Сириец смахнул монету со стола с грацией кота, серебряный кружок мгновенно исчез в пухлой ладони.

— Вода — бесплатно, — прогудел он, явно гордясь своей щедростью, и сделал знак дородной темнокожей рабыне, выглядывавшей из кухонных дверей.

Рабыня оказалась расторопной. Едва Иегуда успел сделать несколько глотков степлившейся воды, как на стол перед ним уже появились глиняная миска с горячей ароматной похлебкой, четверть темного хлеба, еще теплого, недавно из печи, да кусок пирога с начинкой из мяса, лука и яиц. Вино вынесли из погреба, оно было прохладным и действительно очень кислым, хотя, если разбавить…

Дела у Ареты, видать, действительно шли неплохо. Небольшой дворик харчевни приютил шестерых едоков, а ведь день только начал клониться к вечеру, и многие еще занимались делами вдалеке от Авентина. Ближе к ночи в харчевне будет полно народу, а, значит, еще один гость не бросится в глаза. И земляков здесь встретить затруднительно — мало кто из правоверных иудеев переступит порог дома, где кормят свининой. Когда-то и сам Иегуда с негодованием отверг бы такую еду, но теперь его звали Ксантипп и он был голоден, а от пирога так вкусно пахло!

Он подул на ложку и попробовал варево — темнокожая кухарка не зря ела хозяйский хлеб.

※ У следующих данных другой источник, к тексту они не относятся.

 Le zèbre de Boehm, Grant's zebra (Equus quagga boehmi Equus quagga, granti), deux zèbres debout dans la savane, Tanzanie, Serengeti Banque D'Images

Человек, который рекомендовал Иегуде услуги сирийца, советовал пожить здесь потому, что родственник хозяина занимал пост в городской страже, и постоялый двор не боялся ни ночных вторжений солдат, ни ночных вторжений бандитов. Но он ни словом не обмолвился о том, что здесь еще и вкусно кормят.

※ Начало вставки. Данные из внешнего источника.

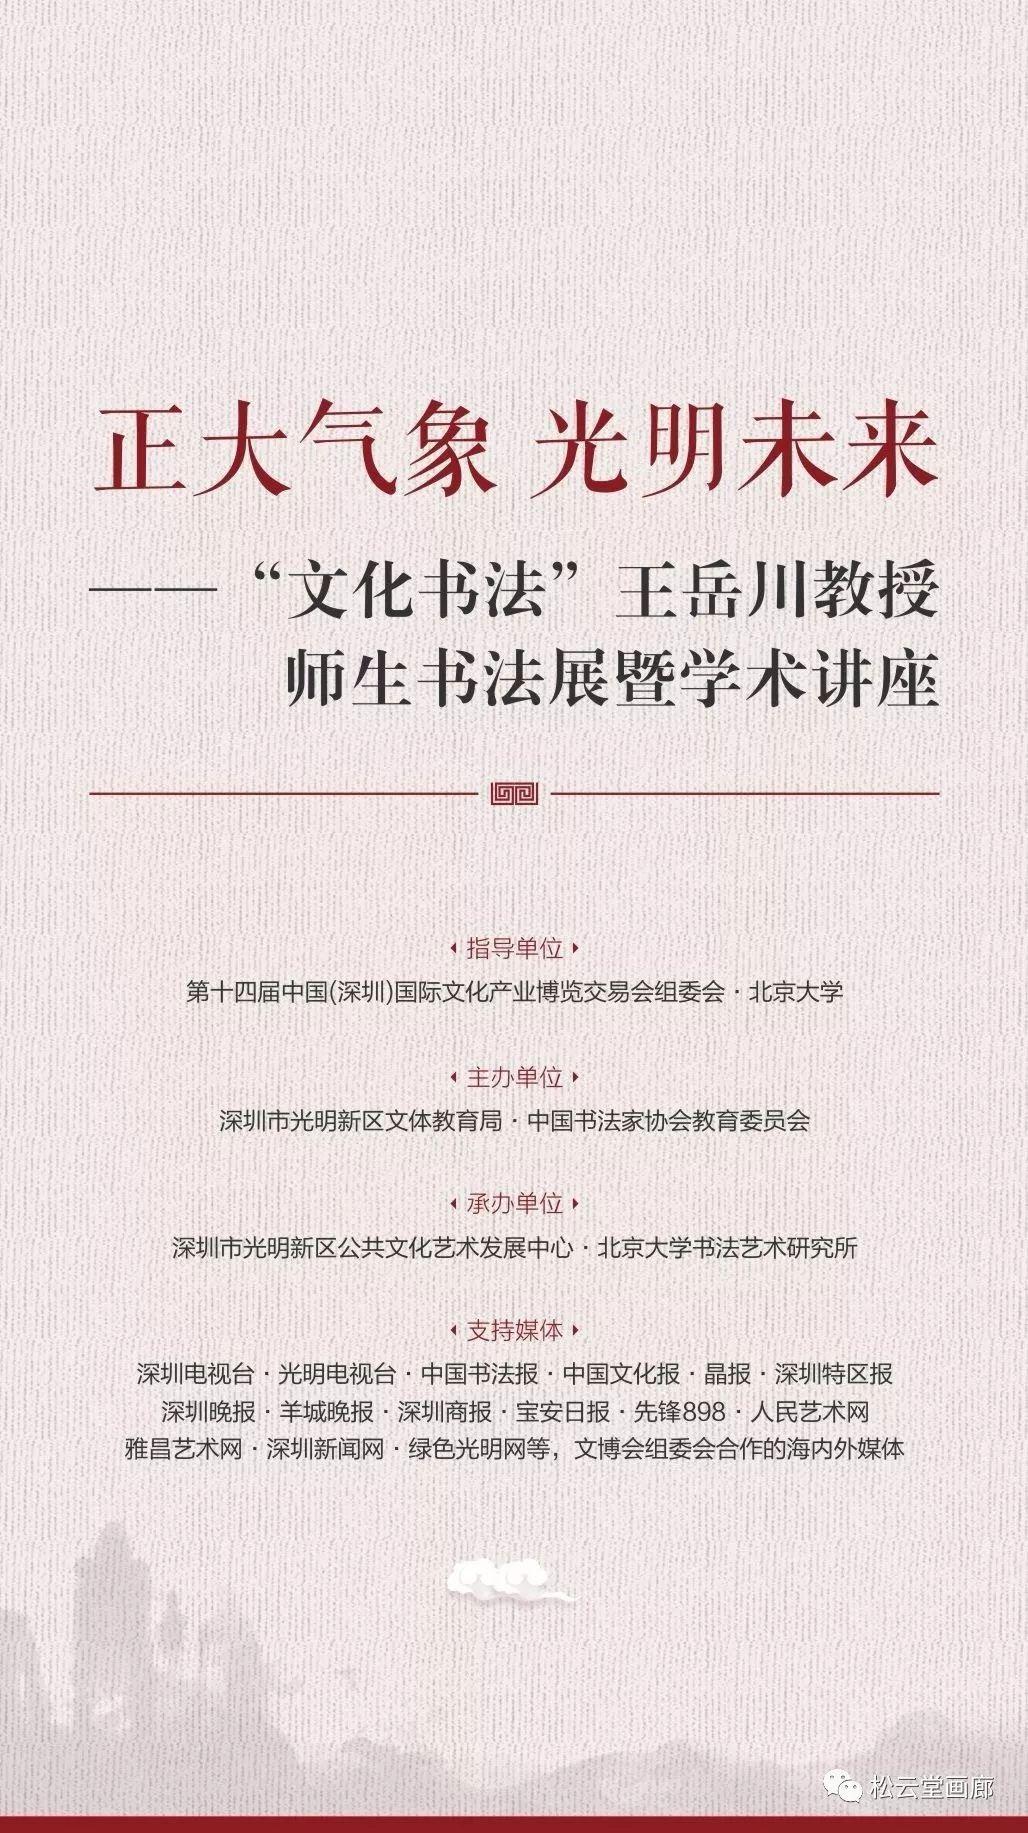 展讯 | “文化书法”王岳川教授师生书法展暨学术讲座

Пусть это будет самый большой грех в моей жизни, подумал Иегуда, откусывая от пирога с нечистой начинкой. Пусть он затмит то, что я сделал раньше, и то, что собираюсь здесь сделать. Око за око — это правильный закон. Для меня — этот закон главный.

После еды хозяин проводил Иегуду в комнату для ночлега. Комнатой ее, конечно, можно было назвать с натяжкой, размерами она едва превышала жесткий лежак, на котором гостю предлагалось коротать ночные часы, но зато напротив кровати располагалось окно — настоящее окно с деревянными ставнями, выходившее на узкую улочку на высоте второго этажа.

— Отхожее место во дворе, — пояснил Арета. — Из окна не отливай, не люблю, когда возле дома воняет! Хочешь помыться — придется натаскать воды, колодец недалеко. Не хочешь таскать — иди в городскую баню, там, конечно, надо заплатить, зато помоешься по-человечески. В общем, если чего — спрашивай. А будешь выходить из дома к ночи — держи ухо востро, а кошель — в тайном месте. Несколько монет положи отдельно, чтобы, в случае чего, отдать. Народ у нас здесь разный водится, могут и зарезать сгоряча…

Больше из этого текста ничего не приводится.